Vontades que não serão mais saciadas

Alegria de um tempo que foi,

Tristeza de outros tempos, que não virão.


Eternos amantes

Buscando o ideal,

Presos no instante

Da vida real


Milhões de segundos a esperar, esperar o nada.

Somos versos em rima e prosa, que se entrelaçam,

Mas, talvez, não tornarão a se encontrar.

Somos duas estruturas de poemas diferentes

Tentando separar a vida da obra.


Prosa e rima

Que não se encontrarão;

Tal é nossa sina:

Solidão.


quinta-feira, 19 de junho de 2025

Amar

Amar é bom

o tempo todo.


Mesmo que não seja real.

Mesmo que não esteja perto

o tempo todo.


Amar é bom

o tempo todo.


Ainda que não se possa

Ainda que não se sinta

Merecedor ou capaz.


Amar é bom

o tempo todo.


E quero sentir a cada momento

E quero ser teu mesmo não sendo,

E quero descobrir como é bom


Amar você

o tempo todo.

quarta-feira, 4 de junho de 2025

Carta Não Enviada

Então, é isso: te amo. Isso diz tudo.

E isso me faz livre, e me faz leve.

Agora meus sonhos serão, tarde ou breve,

feitos ou desfeitos. O Amor me é escudo.


É isso. Te amo. E isso me faz feliz.

E não me importa que não me vejas nem

Que me desprezes ou me trate qual um ninguém:

O Amor é meu. Sou eu. A mim condiz.


E te amo de um jeito quase mesquinho:

De um amor impossível e mal alimentado,

De um deixar crescer solto e não cuidado,

Como uma erva daninha selvagem pelo caminho.


Eu te amo mesmo sabendo que não devo

Te atrapalhar na sua vida bela e plena;

Para te proteger desse Amor, transformo-o num poema

E, para que ele transborde em mim, o escrevo.


E gosto desse amor, e de te amar,

E sinto a vida correr nas veias, qual

Suas risadas, seu sorriso matinal,

Que em devaneios motivam meu despertar.


O Amor é meu. Minha culpa. O meu fardo.

O guardarei para mim, e estarei contigo:

Nas brincadeiras e nos risos, seu amigo,

E, nos sonhos e no imaginário, seu bardo.


Meu amor será um rio em que teu quente 

corpo de vida real não se banha, mas podes ouvir,

Ao longe, suas águas murmurarem a fluir

No curso d'água que te umedece e refresca a mente...


E, sim, sou responsável pelo o que sinto:

Como uma papoula, cultivada em meu jardim,

Que entorpece e envenena somente a mim

Que me embriaga como o mais puro absinto.

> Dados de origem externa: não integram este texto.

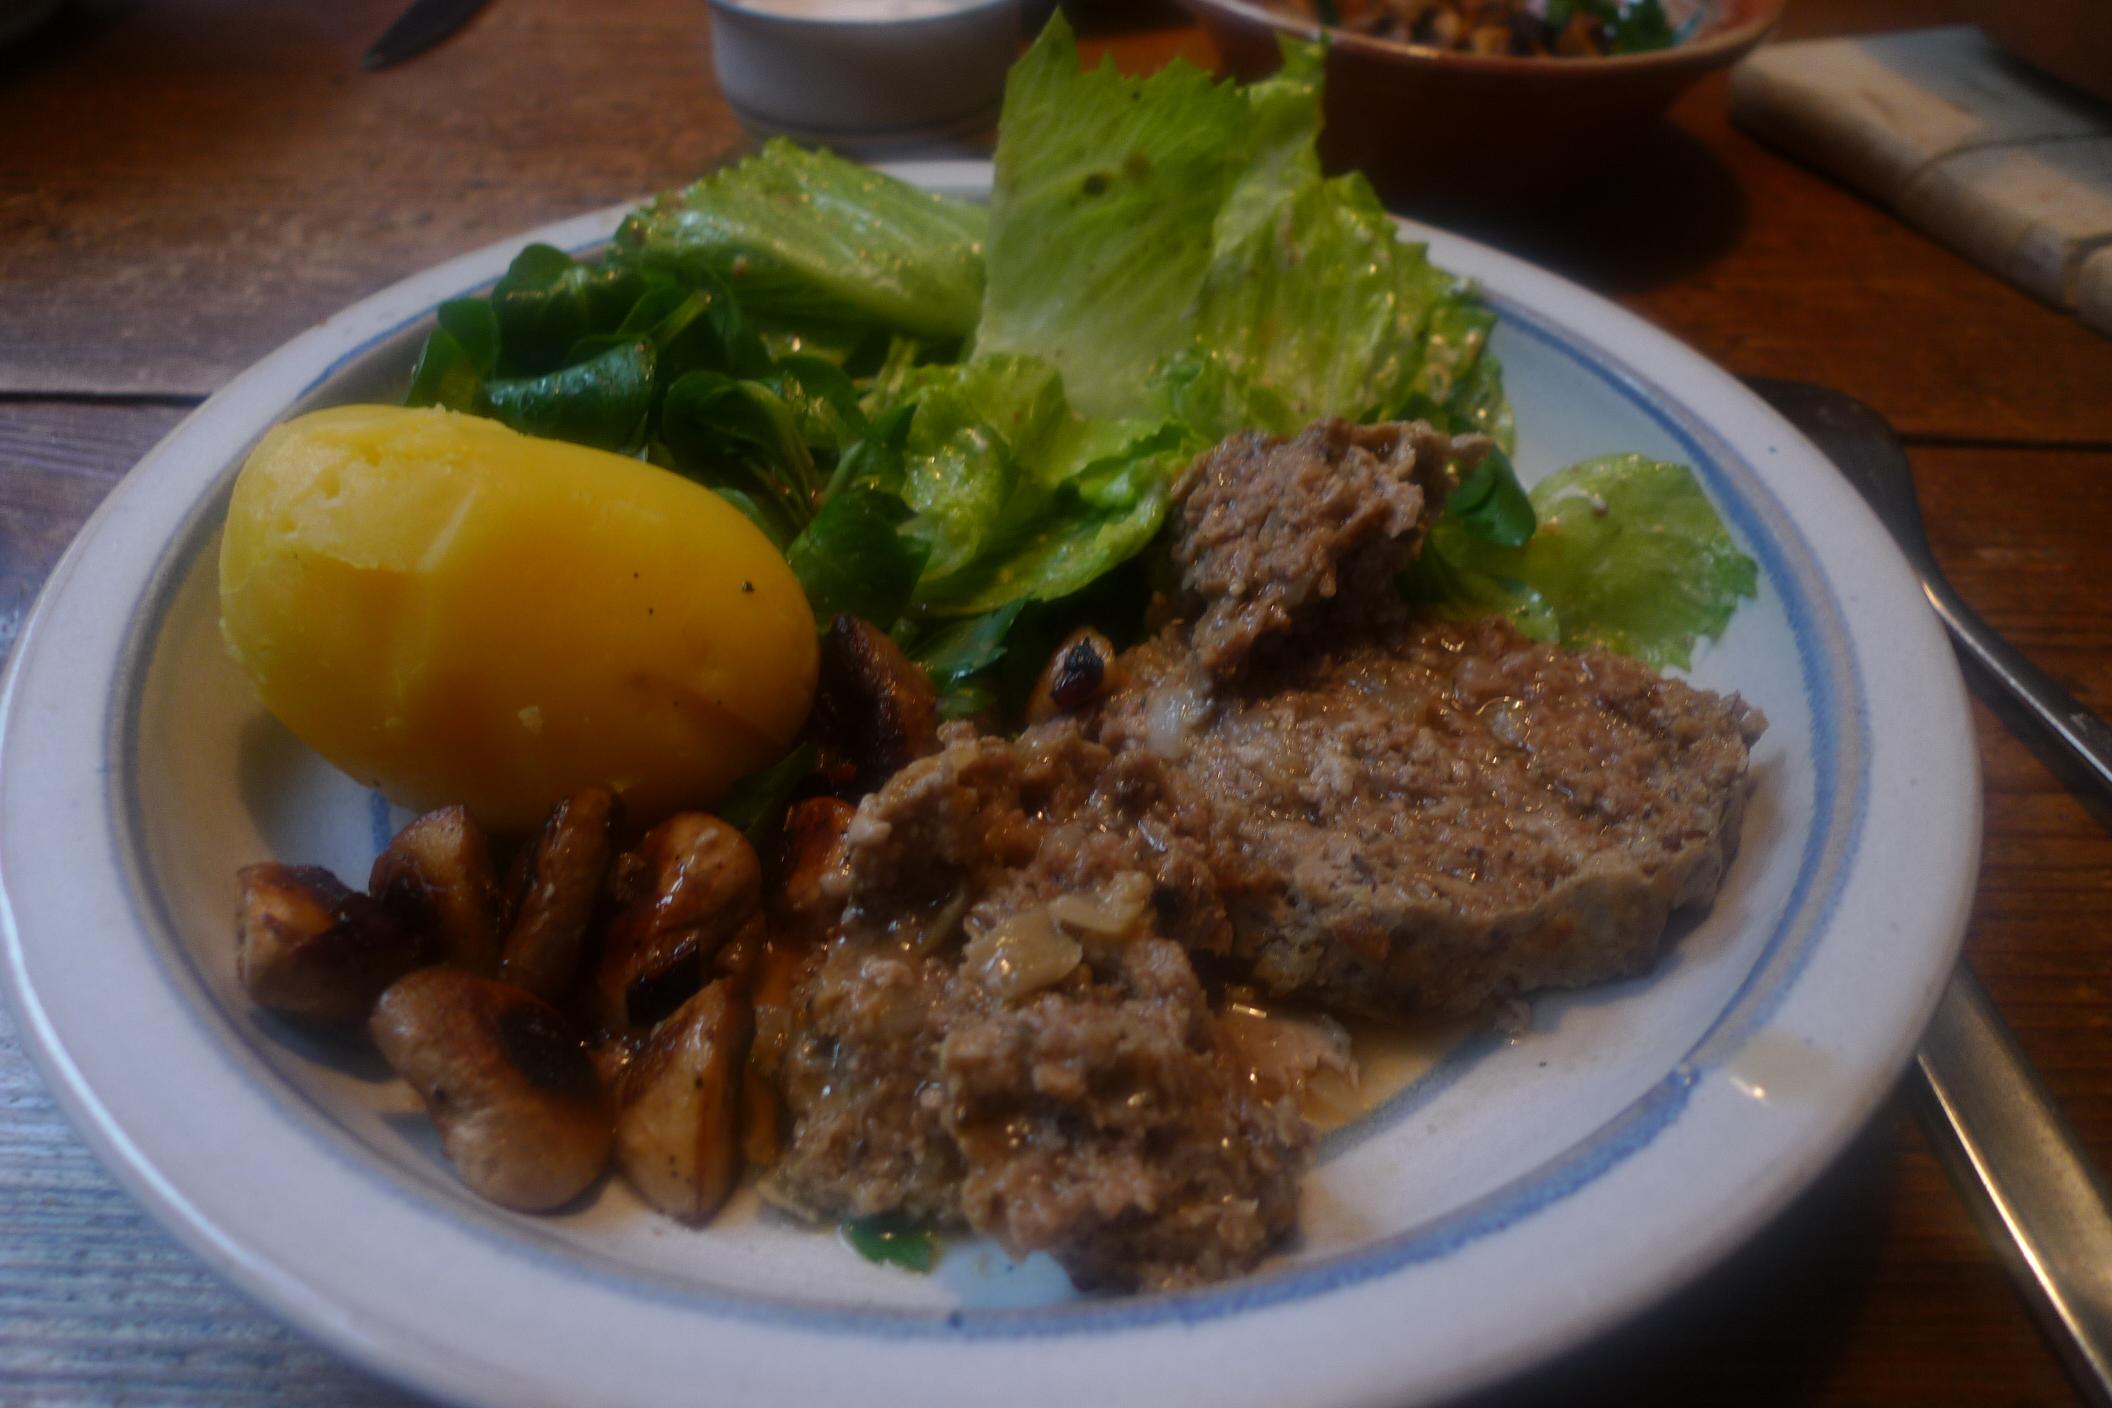 8.2.13-Hackbraten-Salate-Kartoffel-Pilze

E fazer-te sabedora desse amor não te faz presa;

Não é pra te fazer sofrer, a esmo:

É pra me fazer sincero comigo mesmo,

E assumir meu peso, e te dar leveza.


Mas meu amor... Ah, meu Amor!... Não vou matá-lo;

Vou cuidar dele e admirar seu crescimento 

Quem sabe, em breve, ele tenha seu momento

De se tornar o teu senhor ou teu vassalo...


E, assim, mesmo que eu jamais viva, então,

A alegria de ter você envolta em mim,

serei feliz, te vendo bem, porque, enfim,

Sei que não posso bagunçar seu coração.